The annual Great Summer Holiday Hunt began in earnest about two months ago. First, there was the decision of where to go (France/ Italy/ Greece/ Bognor Regis…).
Next, was choosing a hotel (not too big, not too small, sizeable pool area, walking distance of a restaurants, preferably nestling alongside a picturesque harbour with postcard-perfect houses in pastel colours artfully positioned on the hillside – I don’t ask for much) and thirdly: Can it live up to our favourite hotel?
The problem with finding a hotel that you love is that you start comparing all other hotels to it – and sometimes they just don’t live up to the benchmark.
Last year, we went to Lindos Blu in Rhodes. In my mind it was the perfect hotel, pitching itself somewhere between boutique and medium-sized, offering a relaxing adults-only pool area gazing onto the Aegean sea, with plenty of scope for people-watching; attentive staff with just the right level of fuss; and a large, modern room with all the extras you’d hope for – such as a hot tub and a sunken bath. Lindos Blu was going to be a hard act to follow.
And when it came to booking this year’s hotel, I couldn’t find anywhere that looked quite as good as Lindos Blu. After many hours trawling Tripadvisor (no matter how many excellent reviews there are, I always seem to home in on the negatives: ‘there was a pungent odour emanating from the bathroom… the food was barely edible’), I delivered the news to the husband that we might be heading back to our old friend Lindos Blu.
‘So you’re telling me that out of all the hotels in Europe, you can’t find a single suitable hotel?’ said the husband, with an air of weariness.
‘That’s about the size of it,’ I said. ‘It’s going to have to be Lindos Blu Part 2. We’ll be one of those strange couples who go to the same hotel and ask for the same room every year.
‘Unless…’ I added. ‘We play the wild card.’
‘Let’s play the wild card,’ said the husband. He thinks people who visit the same place year after year are a bit strange.
The wild card was a little-known hotel called Monte Mulini, perched atop a quaint harbour town called Rovinj in northern Croatia. It looked lovely.
So here we are, gazing out at the Istrian sea, lying on one of our hard-won sun-loungers, cheek to jowl with an uber-boobed Russian nuzzling her catalogue boy lover.
It turns out that Rovinj isn’t so ‘little-known’ after all. In fact, half of Europe appears to have descended on the place. When we landed at the hotel yesterday afternoon, it was a beautiful sight… with just one problem: there wasn’t a single sun-lounger free – just scores of bare-breasted women and splashing children as far as the eye could see (okay, so the photo paints a serene scene but on ground level, it was a different story).
‘This would never happen at Lindos Blu,’ I thought.
This morning, we rose and headed down for breakfast, passing the pool en route. Already, the hordes had descended, reserving nearly every sun lounger with a carefully-placed magazine or sunhat.
‘This is ridiculous,’ I thought. On principal, I don’t believe in reserving sun loungers pre-breakfast. I blame the Germans. They started this.

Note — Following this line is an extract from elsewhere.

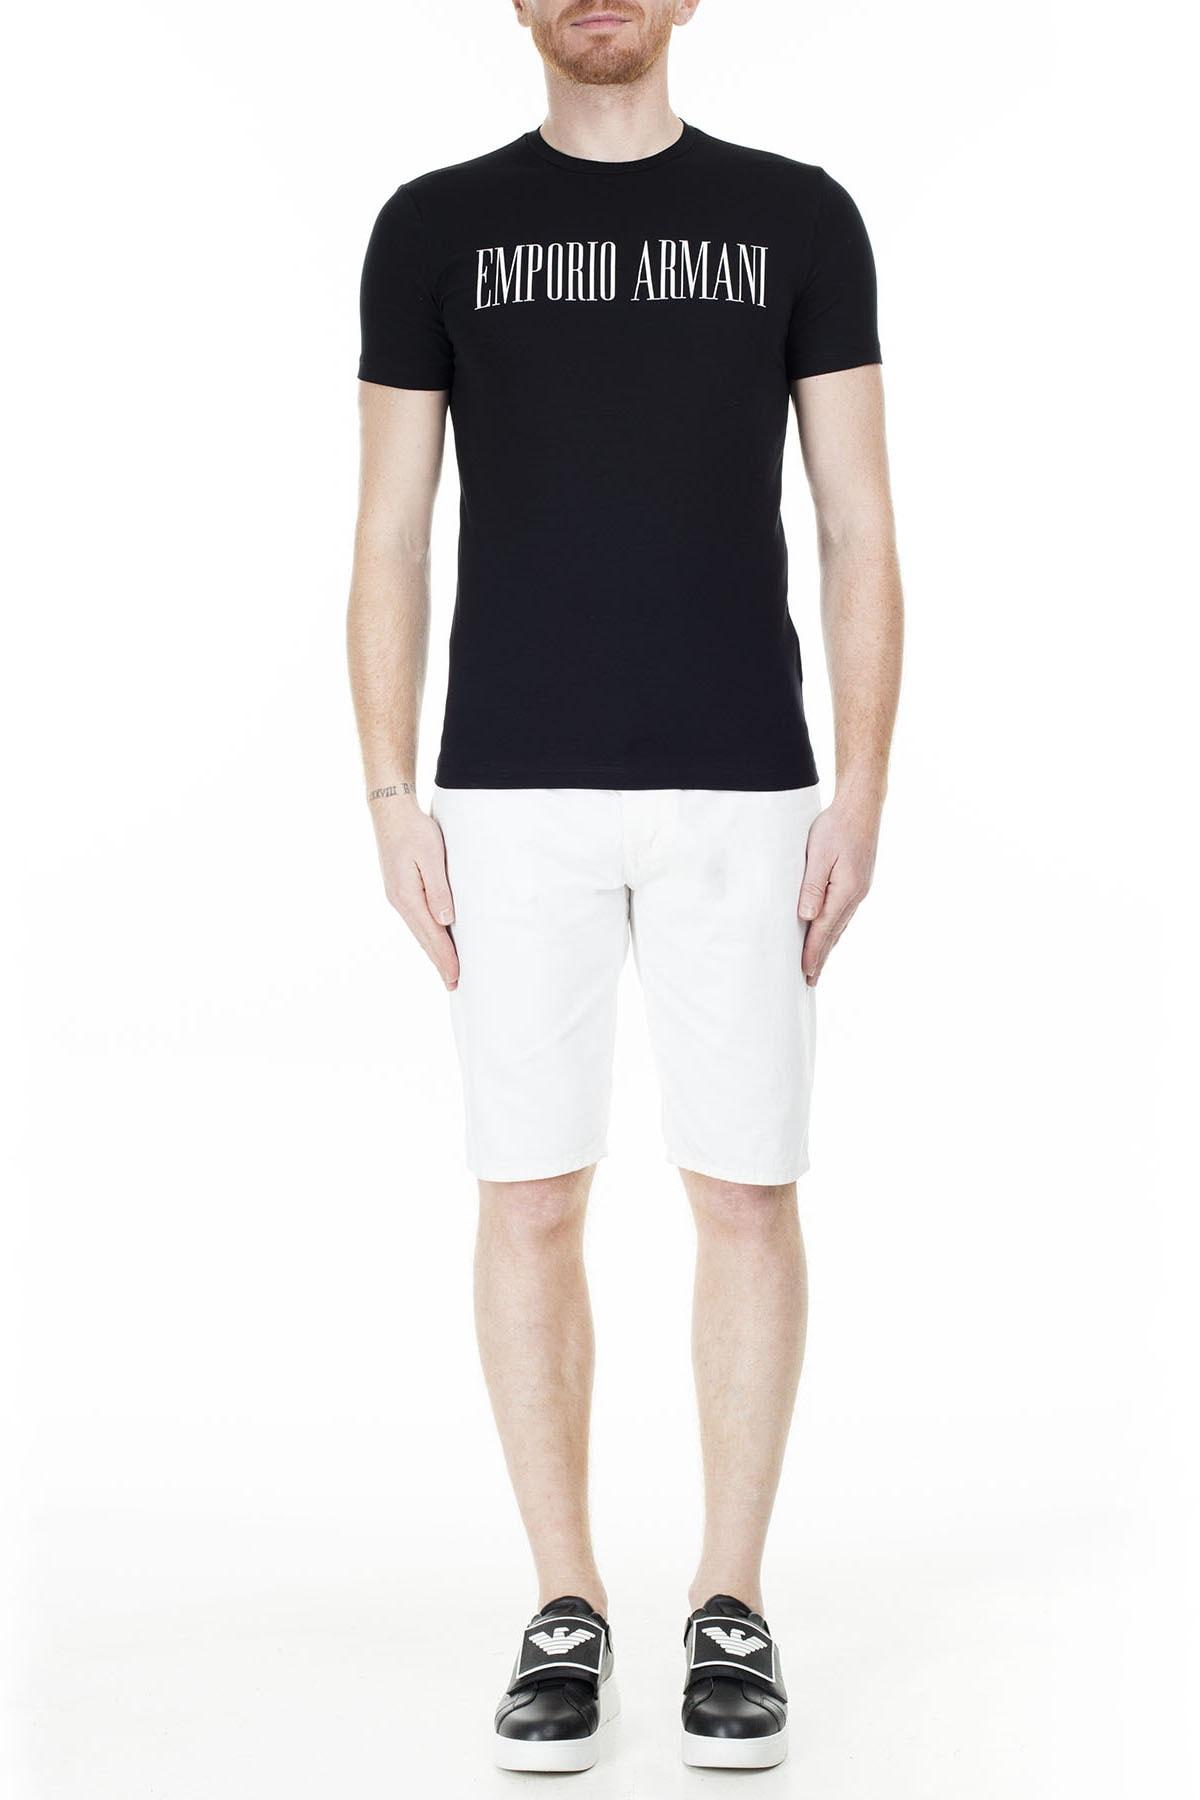 Emporio Armani Regular Fit T Shirt Erkek T Shirt S 6G1Td5 1J0Az 0002 S 6G1TD5 1J0AZ 0002 4

‘If you can beat ’em, join ’em,’ said the husband, throwing down his towel on one of the last remaining loungers and placing his Kindle on it territorially.
We headed up for breakfast; there wasn’t a single table free.
‘We would never had to queue at Lindos Blu,’ I grumbled.
He husband rolled his eyes.
‘And what’s more… I MISS NIGEL!’ I added, dramatically.
Nigel was a fellow holiday maker at Lindos Blu last year: a big-bellied booming man with an ego the size of France. He was the very dictionary definition of a ‘bon viveur’, greeting the staff by their first names and regaling his captive audience with tales of far-flung travel destinations.
Occasionally, he would dive noisily into the pool and embark on a couple of lengths of butterfly – limbs akimbo – emerging to bellow down the phone at his harassed PA, before continuing his convivial chat with other poolside posers.
Basically, he provided hours of entertainment. We pretended that he was the most irritating guest imaginable but when he departed mid-way through the week, he left a big hole in our holiday.
‘We all miss Nigel,’ said the husband wistfully, as he gazed down the snaking line of people awaiting a table for breakfast.
And then he uttered the words that neither of us had dared to voice.
‘Get me back to Lindos Blu’.
I am disappointed your string bikini mishap has not been included.